| Source data |
┄┄┄┄┄┄┄┄┄┄

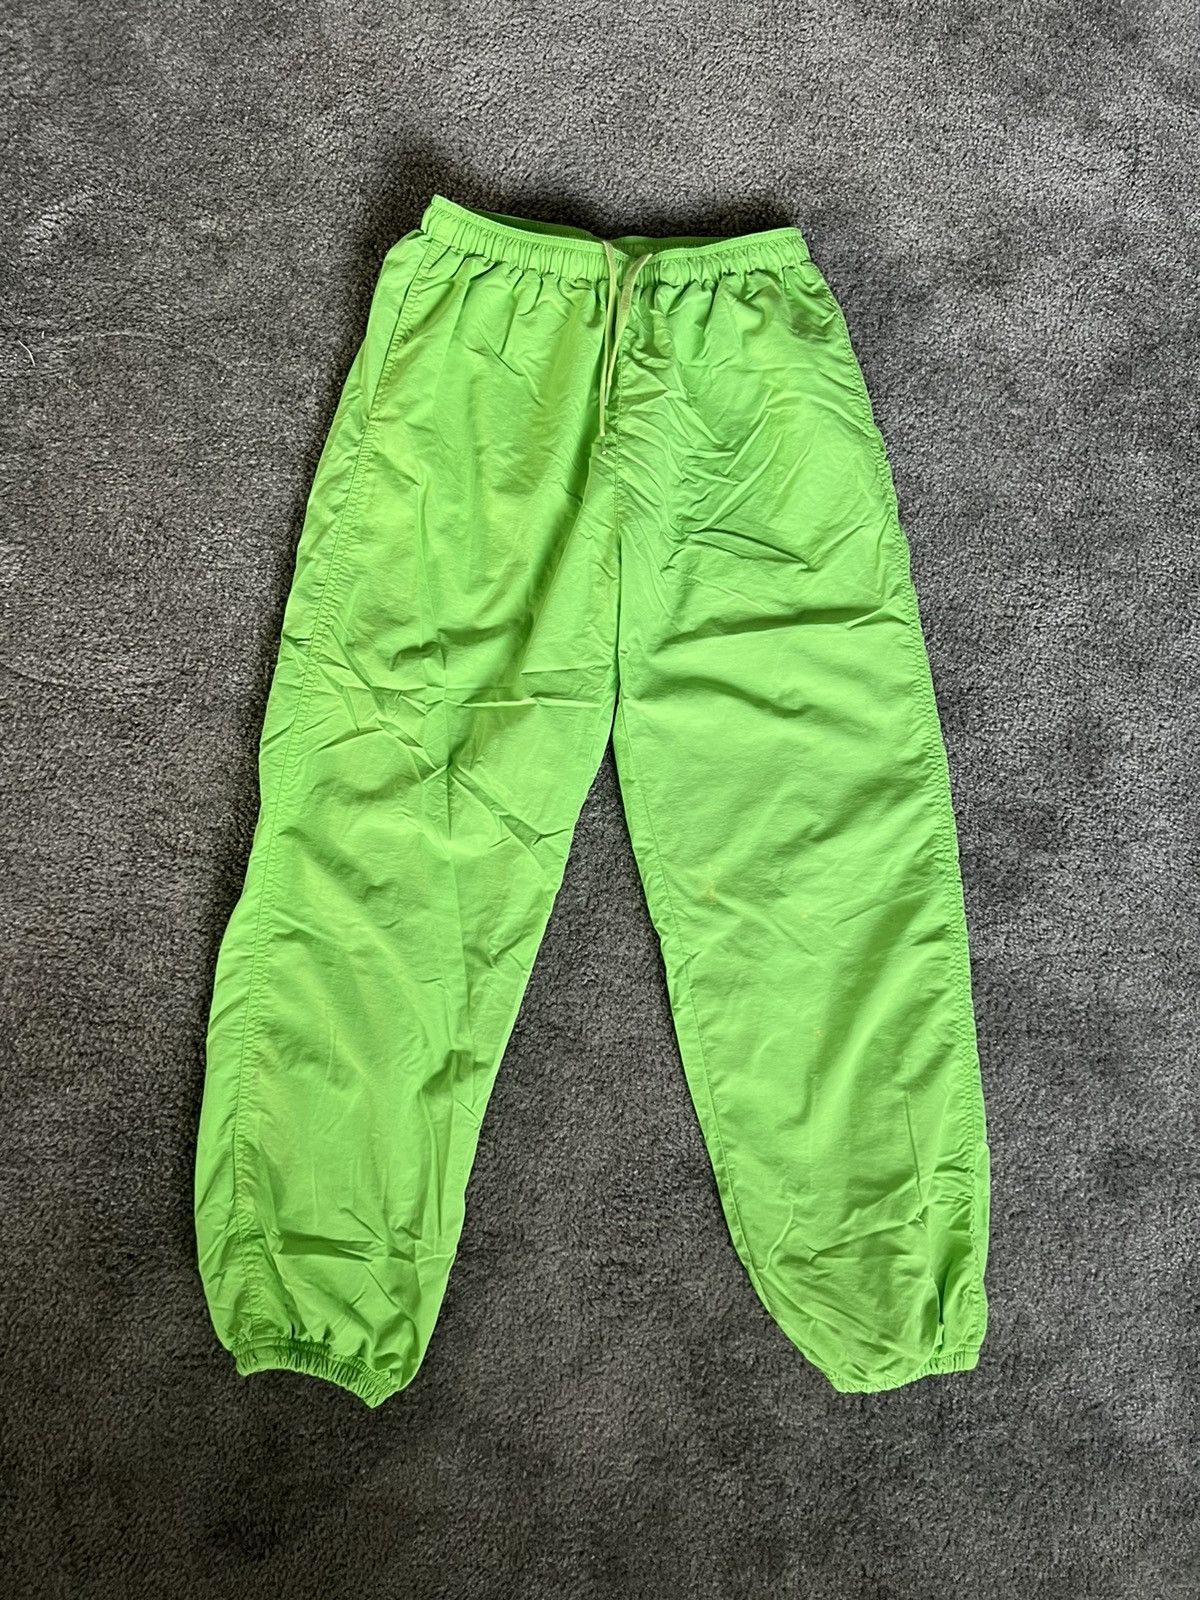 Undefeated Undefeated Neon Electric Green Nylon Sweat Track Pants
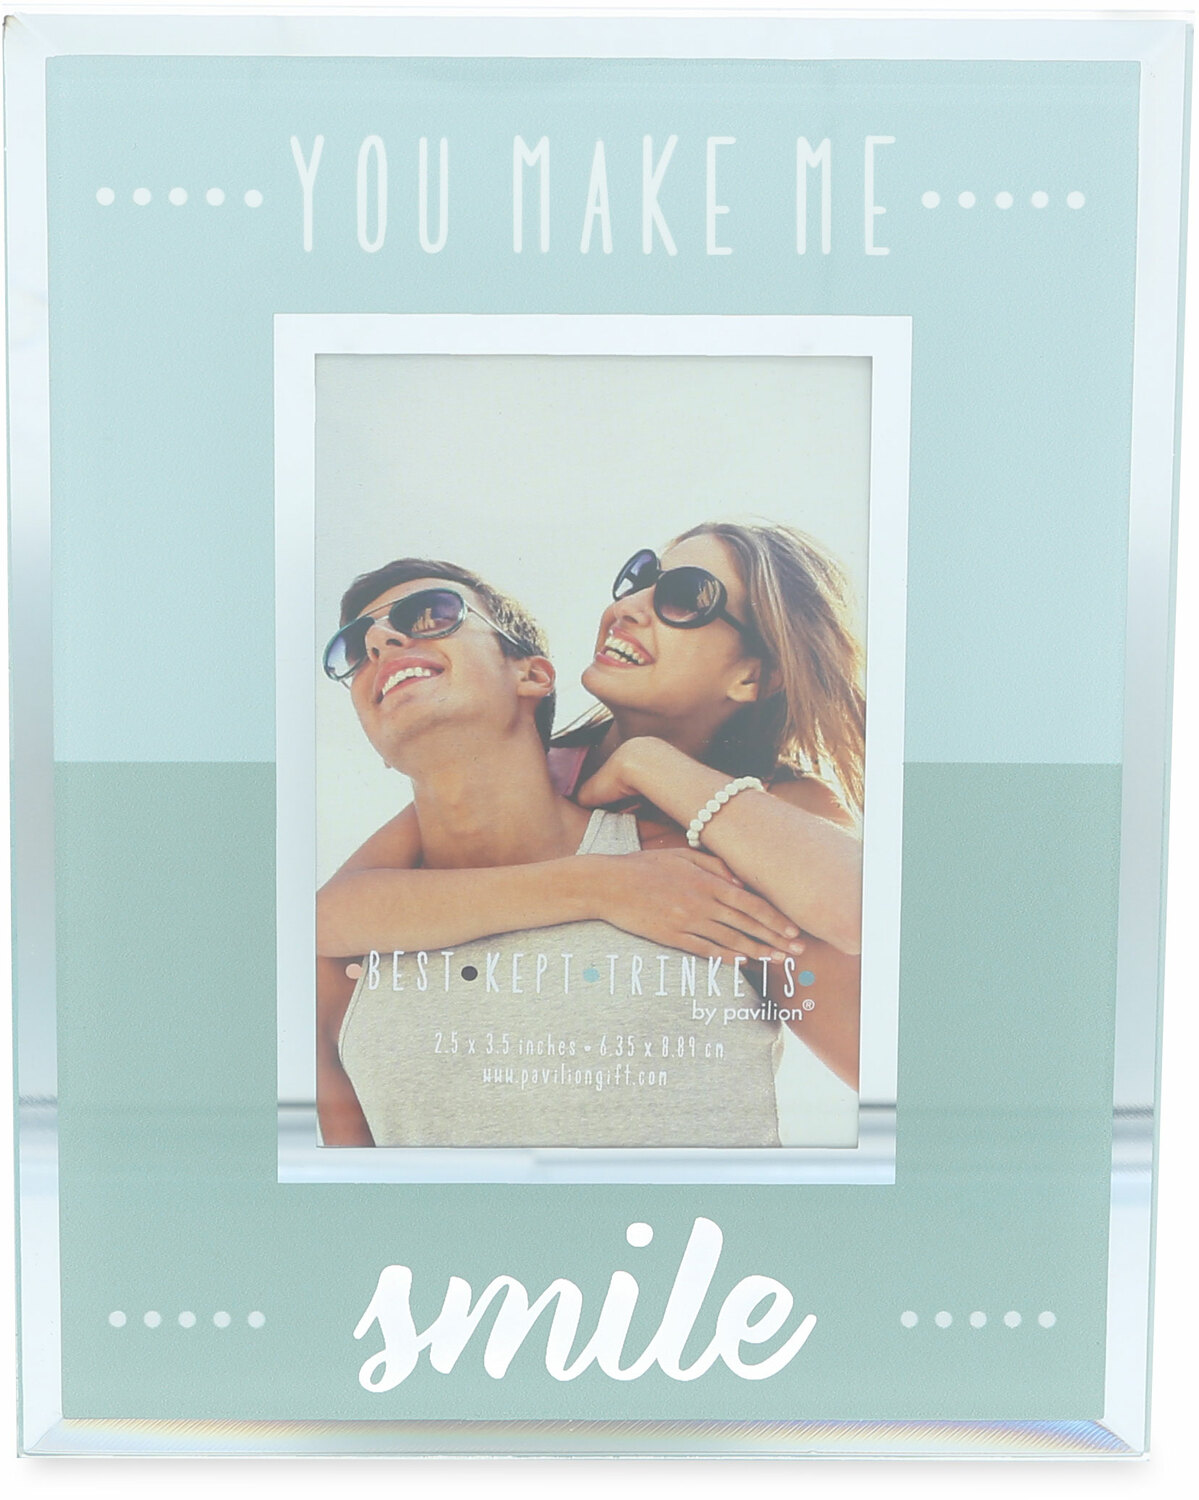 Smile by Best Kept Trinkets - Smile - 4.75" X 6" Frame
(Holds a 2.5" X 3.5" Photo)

┄┄┄┄┄┄┄┄┄┄

| Your instructions |
Set down all of the material above exactly as written, leaving the pictures out.

| Output for this task |
 Undefeated Undefeated Neon Electric Green Nylon Sweat Track Pants
 Smile by Best Kept Trinkets - Smile - 4.75" X 6" Frame
(Holds a 2.5" X 3.5" Photo)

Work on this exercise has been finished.